Yossi Schwartz ISL (Sección de la RCIT en Israel/Palestina ocupada) 28/08/2025
El jeque Hikmat al-Hajari, uno de los líderes de la comunidad drusa (arriba: imagen de drusos con sus banderas) en Siria y seguidor de Israel, pidió a la comunidad internacional que ayude a los drusos a establecer “un estado druso separado de Siria para proteger a los miembros de la comunidad”.
En una reunión grabada ayer con miembros de una delegación del movimiento “Pueblo de Honor”, una de las facciones armadas en Sweida, dijo: “Apelamos a todas las personas honorables del mundo, a los países y pueblos libres, a que nos apoyen en la declaración de una provincia separada que protegerá a nuestros hijos para siempre y para siempre. Lo que hemos experimentado recientemente, un ataque bárbaro, expone la intensidad del salvajismo en el que vivimos”.
Al-Hajari enfatizó la necesidad de “unir esfuerzos y frentes” y celebró el establecimiento de la Guardia Nacional, que incluye a las facciones armadas de Sweida y al Comité Jurídico Supremo del distrito. “ Nos felicitamos por haber alcanzado este acuerdo, que se asemeja a las instituciones estatales, lideradas por el ejército, que ahora está representado por la Guardia Nacional, junto con el Comité Judicial Supremo”, dijo. “Abrimos nuestro camino bajo un nuevo nombre, especialmente después del desastre que sufrimos, un desastre existencial, que está destinado a destruirnos a los ojos del mundo entero”. Un discurso que bien podría haber sido escrito en Israel.
Fuentes de seguridad israelíes de alto rango afirman que el anuncio del sábado pasado por parte de varias facciones drusas locales en Sweida de que habían unido fuerzas bajo el nombre de Guardia Nacional abre la puerta a nuevas complicaciones en el ámbito sirio local, en un contexto de crecientes tendencias de persecución de países divididos. Se espera que esta medida fortalezca aún más la posición de al-Hajri, quien recientemente ha liderado la confrontación con el régimen del presidente sirio Ahmed al-Shara. Esto dificultará aún más el control de la situación de seguridad en el sur de Siria.
Al-Hajari es considerado ahora la figura central ante los intentos de Al-Shara de entrar en Sweida y desarmarla, incluso antes de los feroces combates del mes pasado. Cuenta con el apoyo de los drusos en Siria e Israel, así como con el apoyo israelí, que se manifestó claramente en los ataques aéreos israelíes contra las fuerzas del régimen sirio que intentaron entrar en Suwayda a mediados de julio. Este apoyo le da a Al-Hajari margen para elevar el nivel de sus demandas.

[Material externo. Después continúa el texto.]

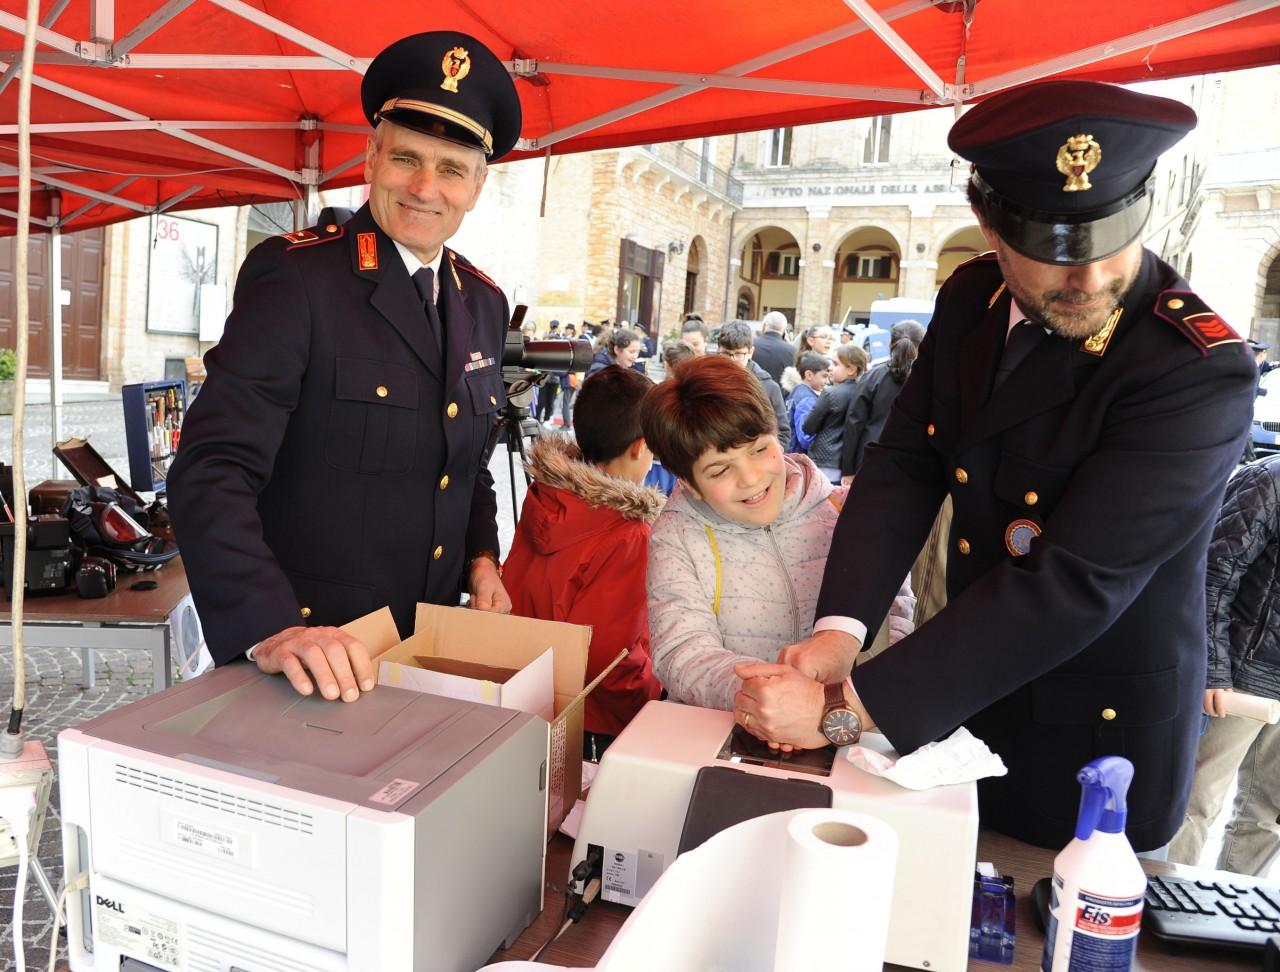 festa polizia 2018 macerata (31)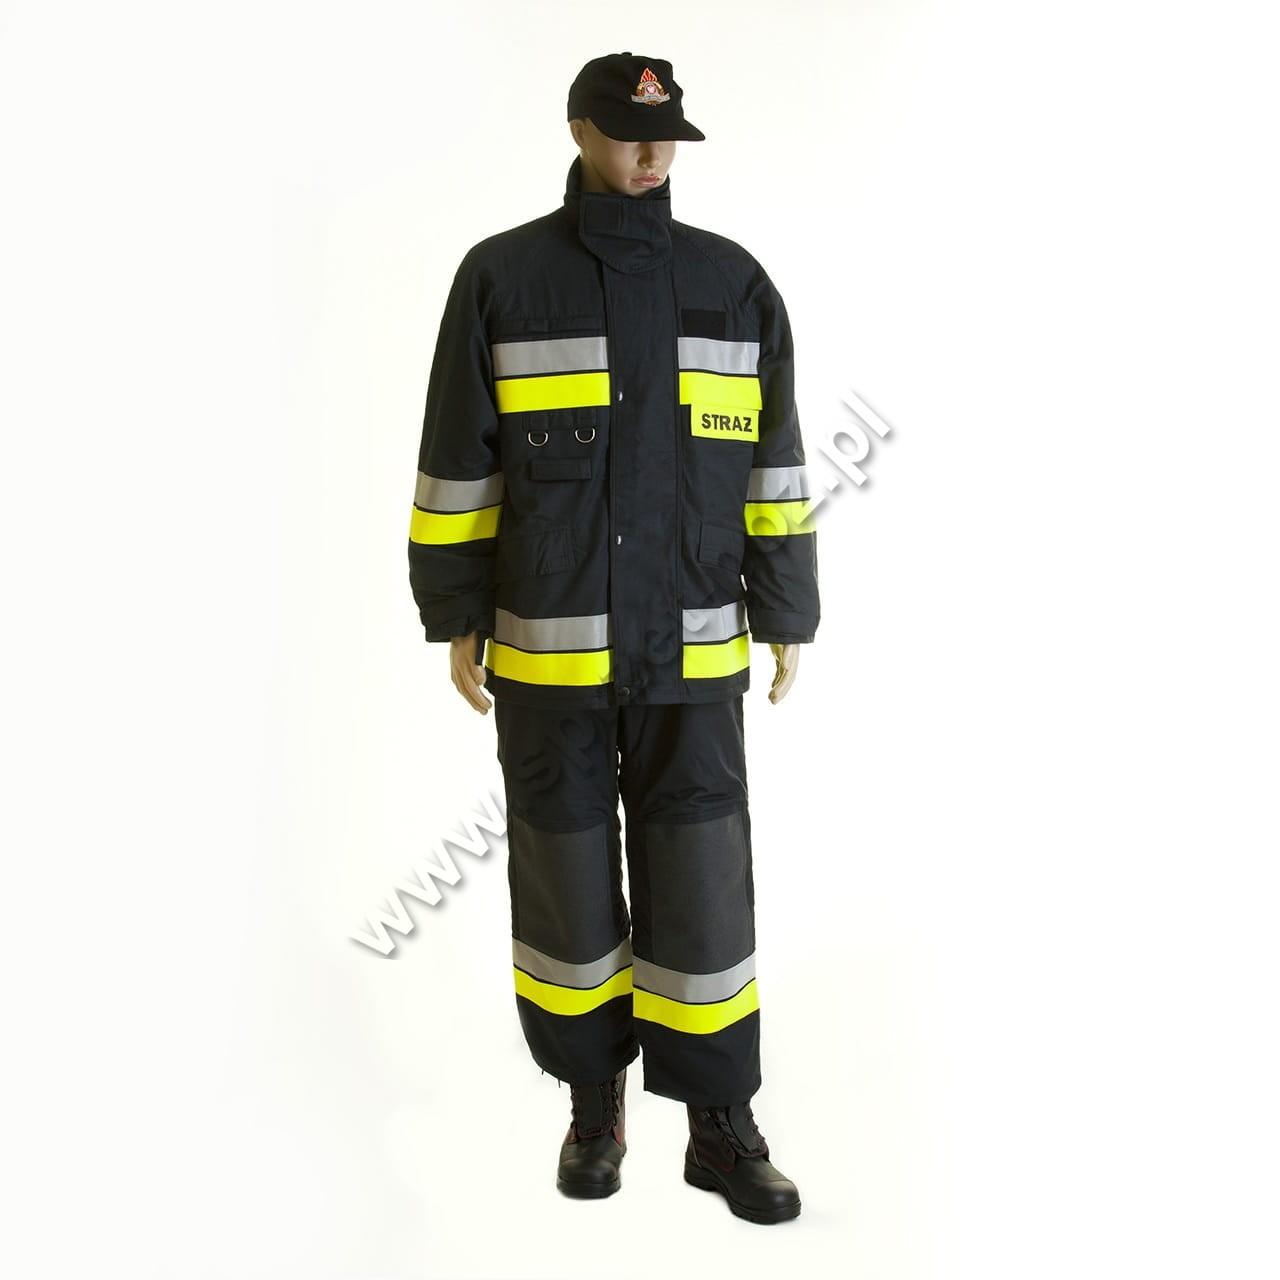 b29083834d1887 Ubranie specjalne strażaka GARDA - Sprzęt-Poż - kompleksowe ...

Para analizar lo que ocurre en Siria, debemos comprender la teoría y la estrategia de la revolución permanente. Para ser precisos, un aspecto clave. En países que no han experimentado una revolución democrática, y ningún país de Oriente Medio la ha experimentado, esta revolución no puede detenerse en la etapa democrática, sino que continúa hacia una revolución socialista liderada por la clase obrera bajo un liderazgo revolucionario.
Las tareas de la revolución democrática en Siria son derrocar el sangriento régimen de Assad, apoyado por la Rusia imperialista, Irán y Hezbolá. Además, su papel es expulsar el control imperialista, establecer la igualdad ante la ley, promover la unidad nacional, iniciar una revolución agraria e impulsar la industrialización.
En Siria, solo se llevó a cabo el aspecto político: el
derrocamiento del sangriento régimen de Asad. Las funciones restantes de la
revolución democrática aún estaban ausentes. Por lo tanto, el régimen sirio es
débil y permite la intervención de Israel y su aspiración a la Gran Tierra de
Israel, que incluye partes de Siria. La manera en que los sionistas logran esta
aspiración es dividir Siria en estados pequeños y débiles.